**Problem requirements**
Shown below is a listing with pictures; reproduce exactly, and only, the lines between the ones containing "Elderly lady using" and "Bavarian lager design by Crowerks", inclusive, leaving the pictures out.

**The input**
[Start of section]
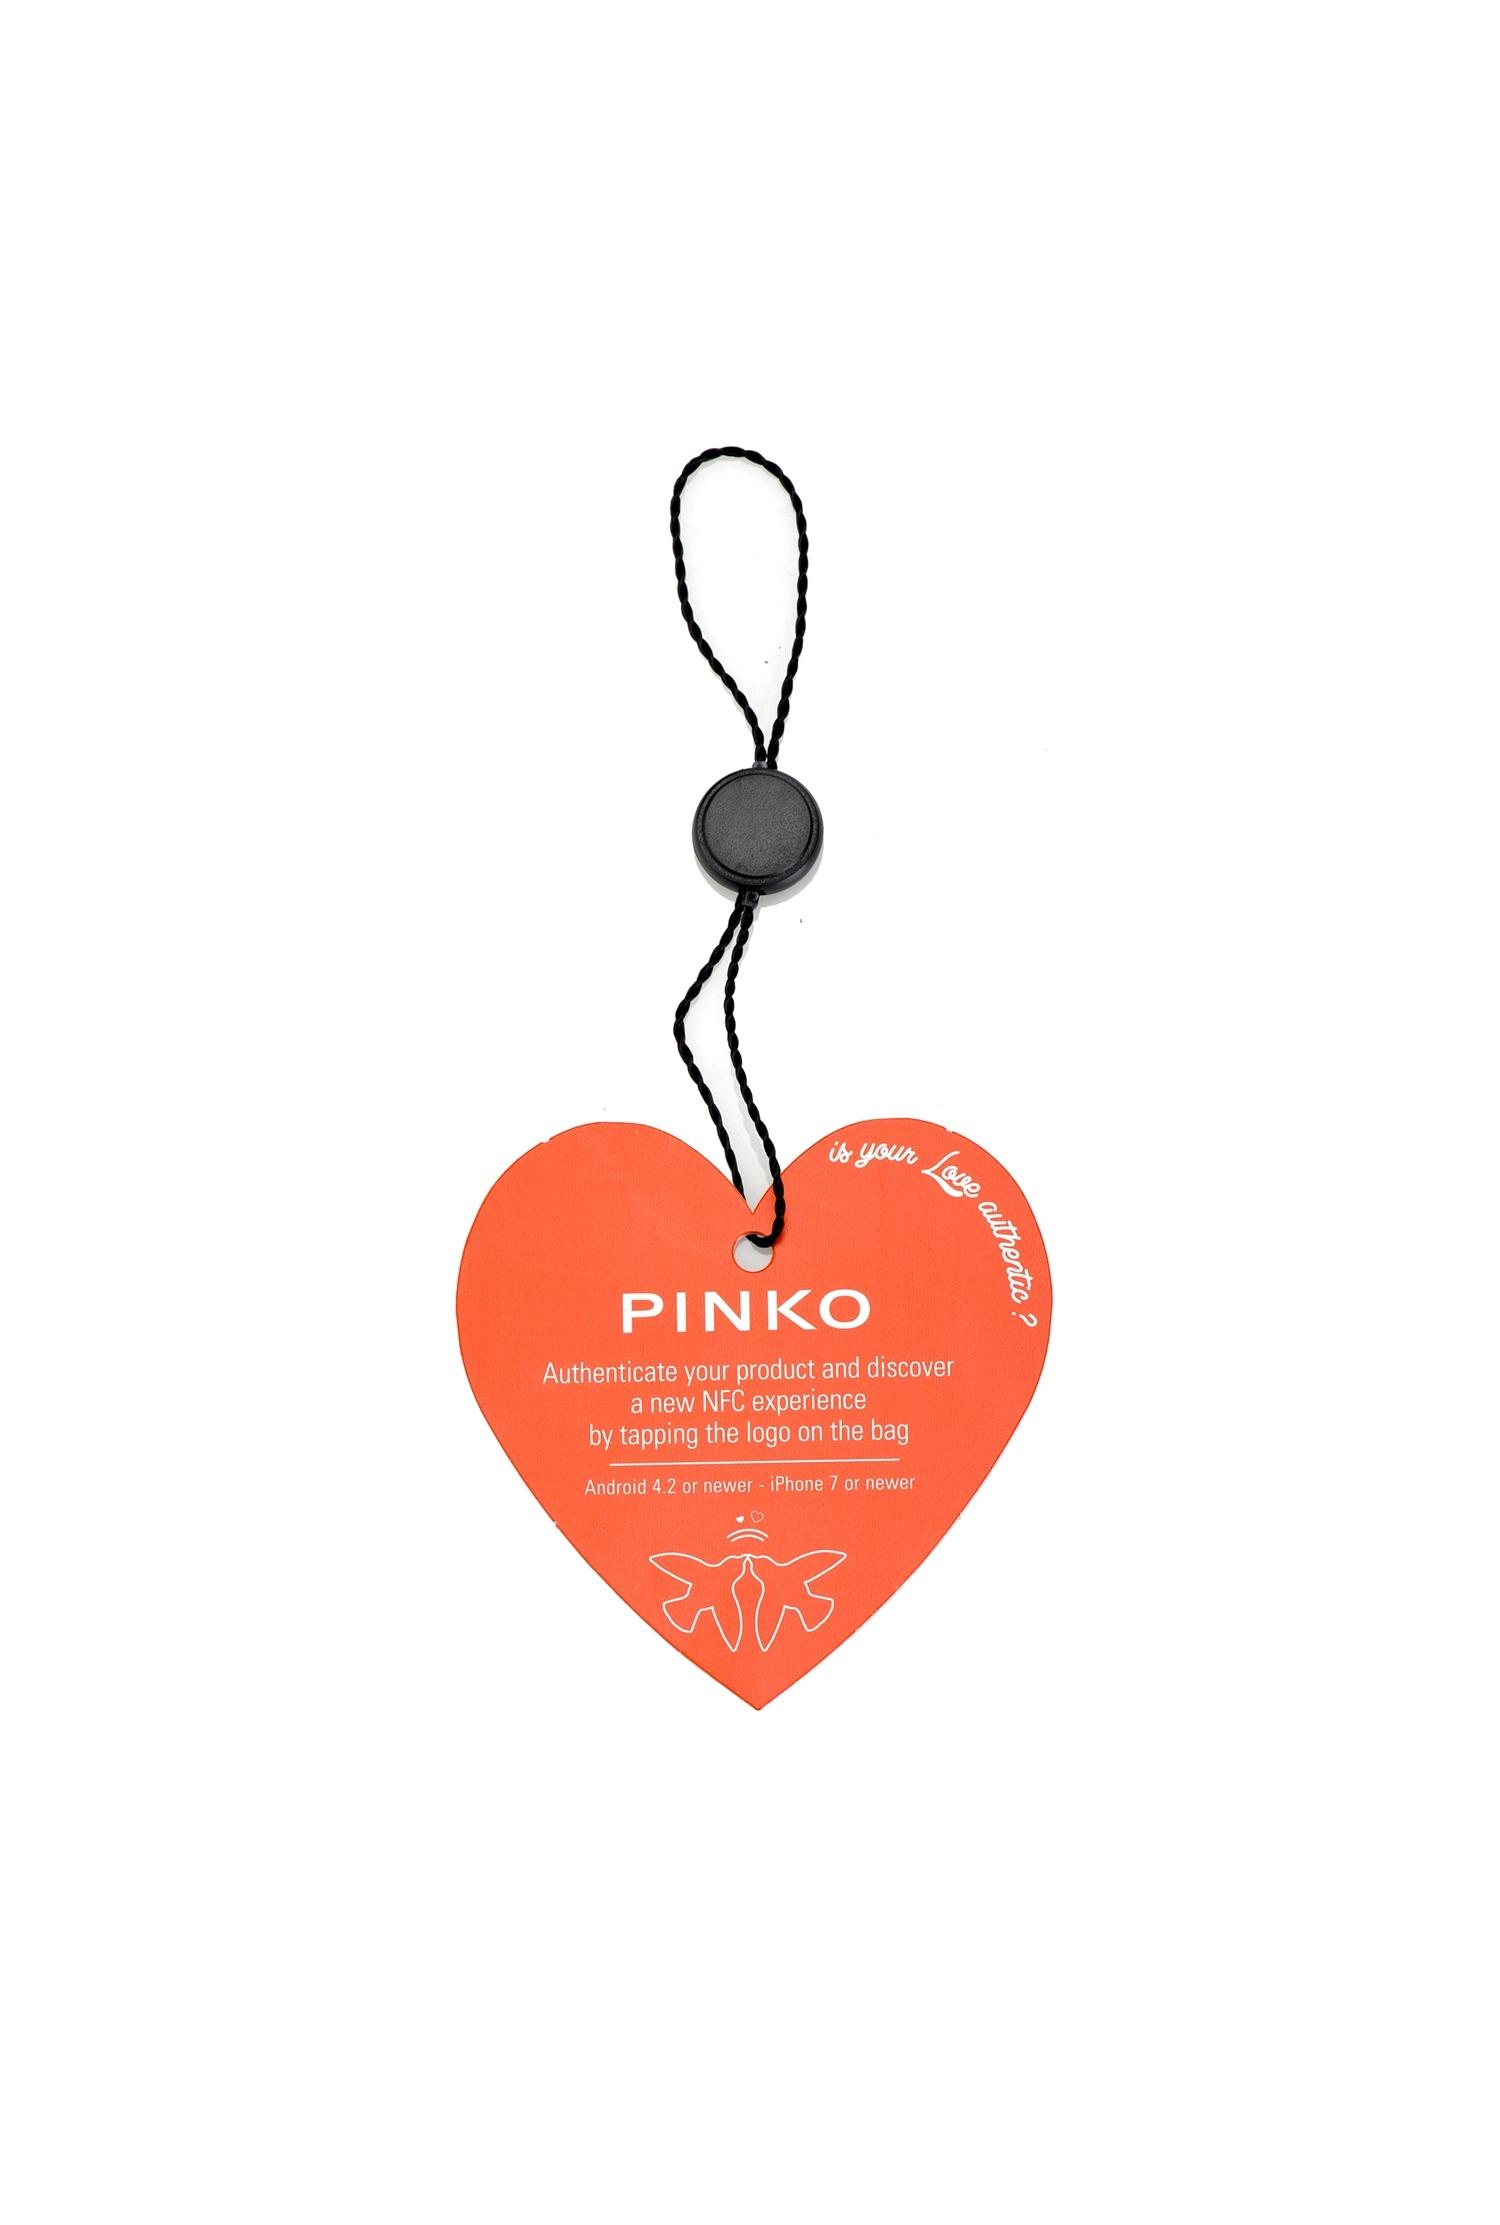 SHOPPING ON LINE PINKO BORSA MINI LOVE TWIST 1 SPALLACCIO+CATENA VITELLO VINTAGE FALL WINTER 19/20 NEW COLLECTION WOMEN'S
[End of section]
[Start of section]
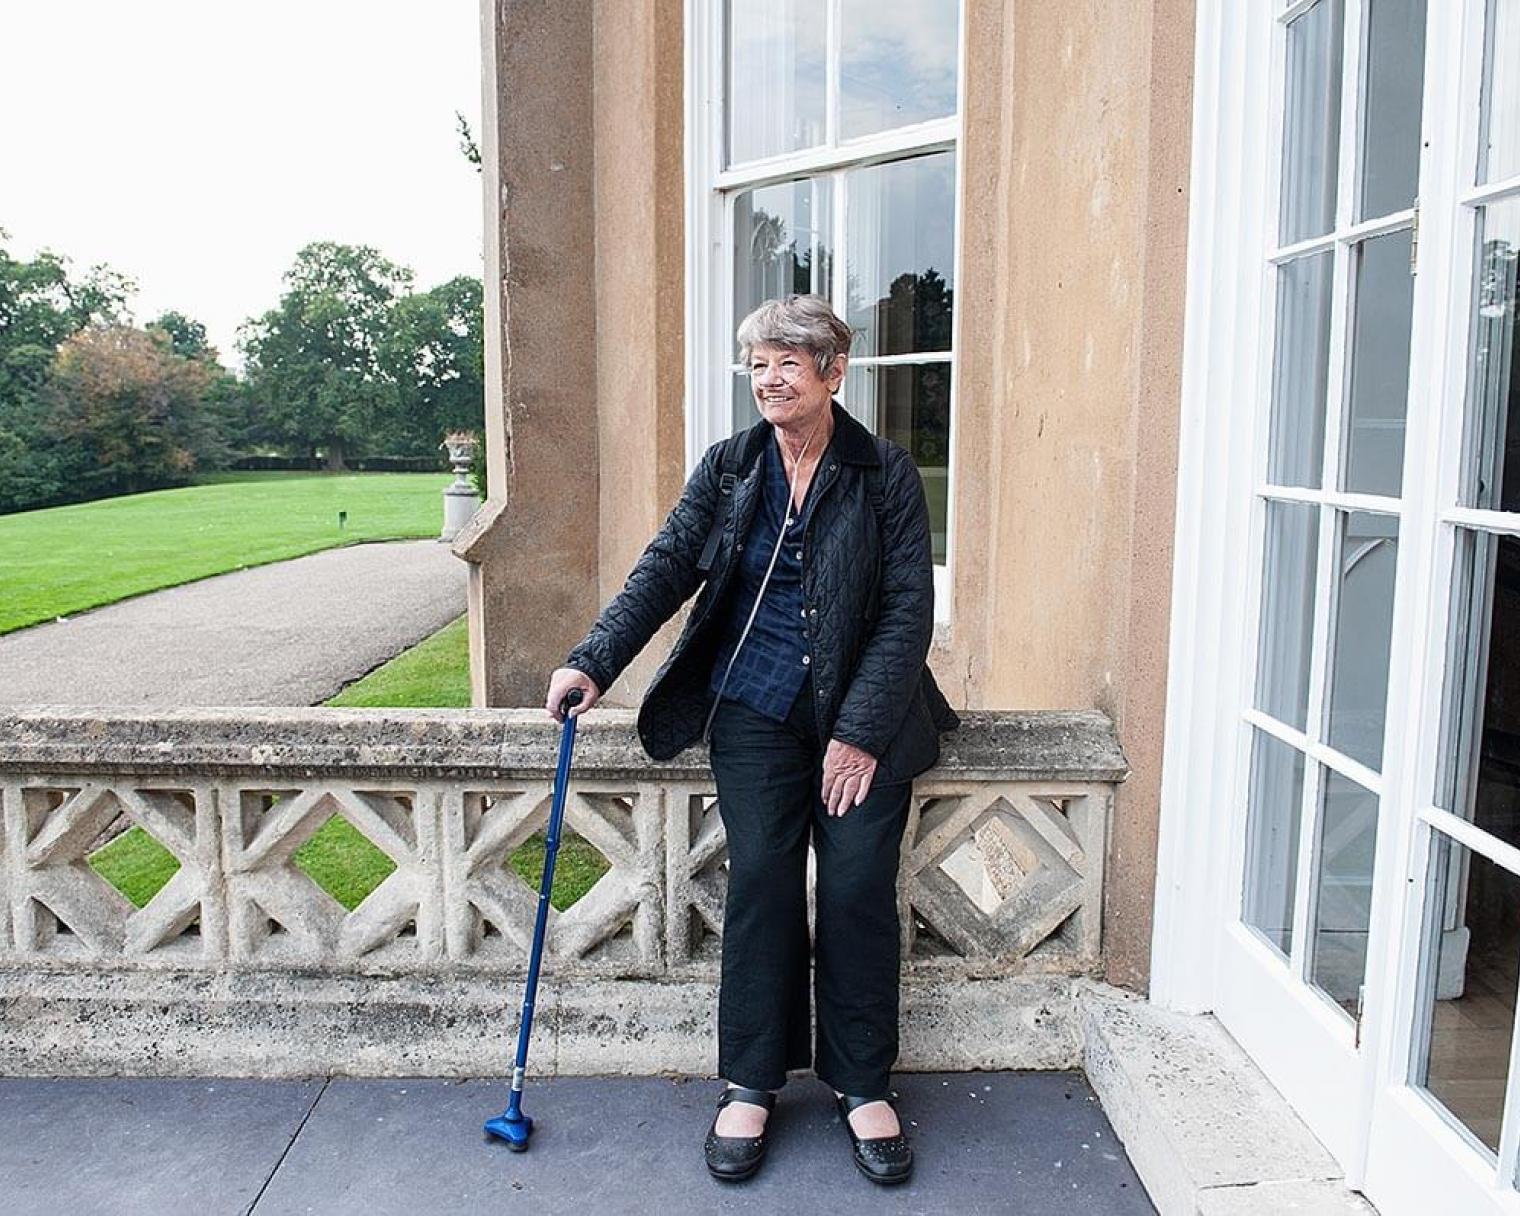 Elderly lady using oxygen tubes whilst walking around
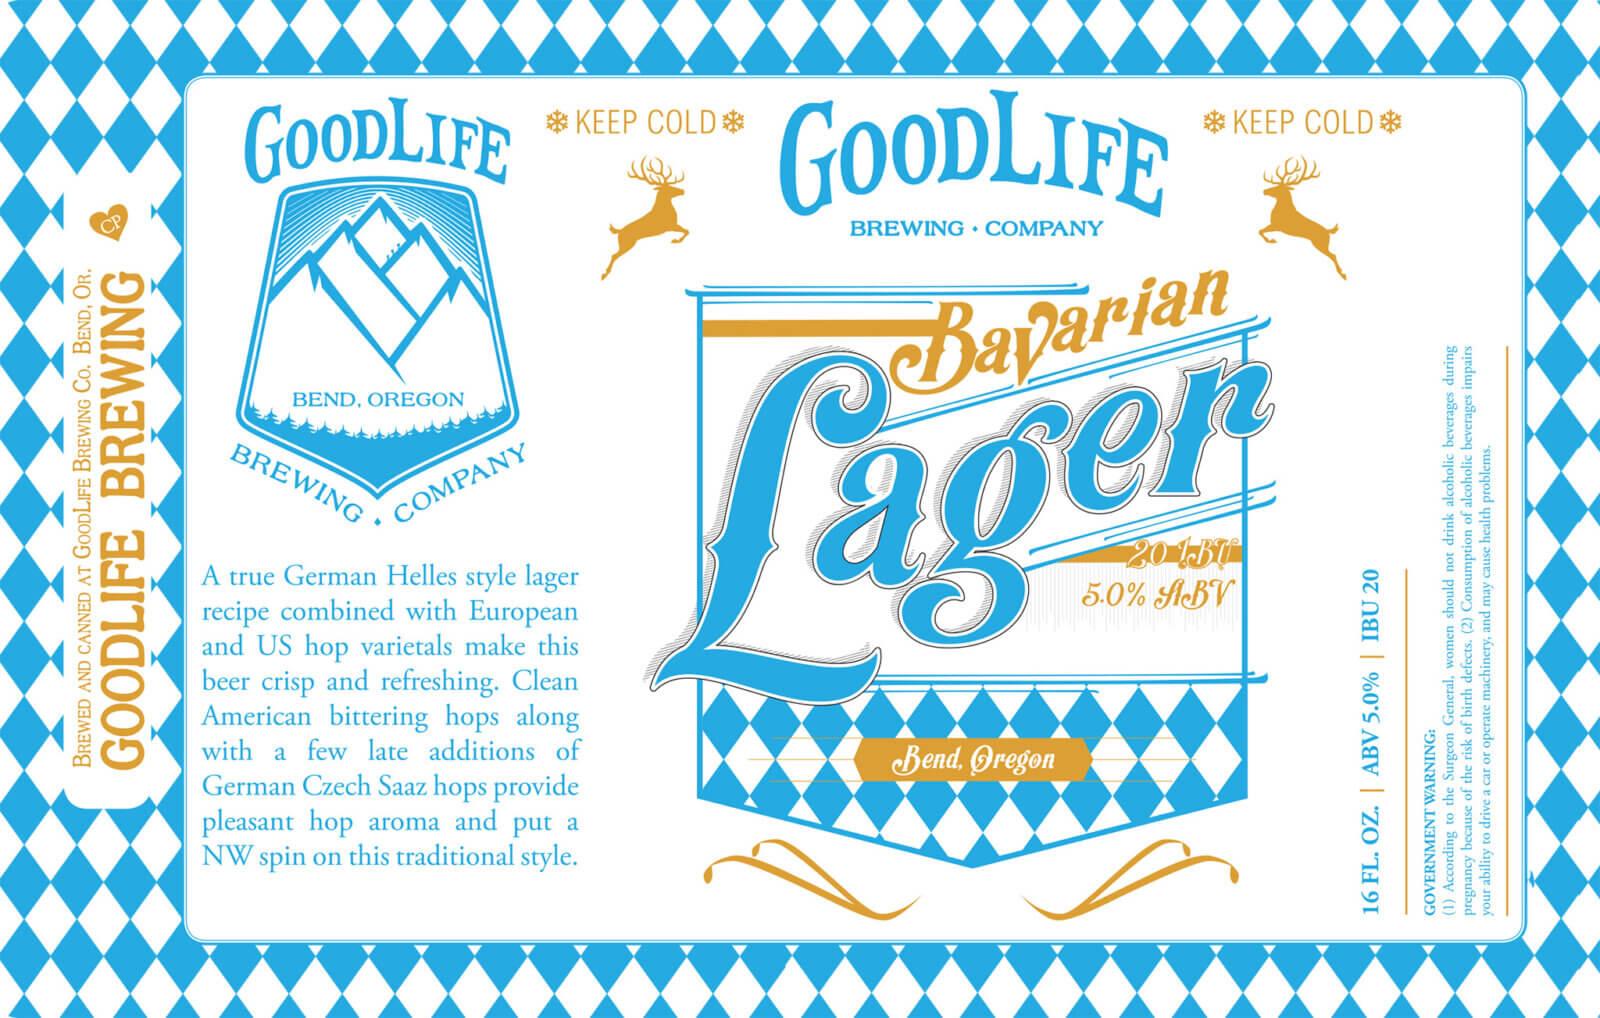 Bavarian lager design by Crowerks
[End of section]
**Response to this task**
 Elderly lady using oxygen tubes whilst walking around
 Bavarian lager design by Crowerks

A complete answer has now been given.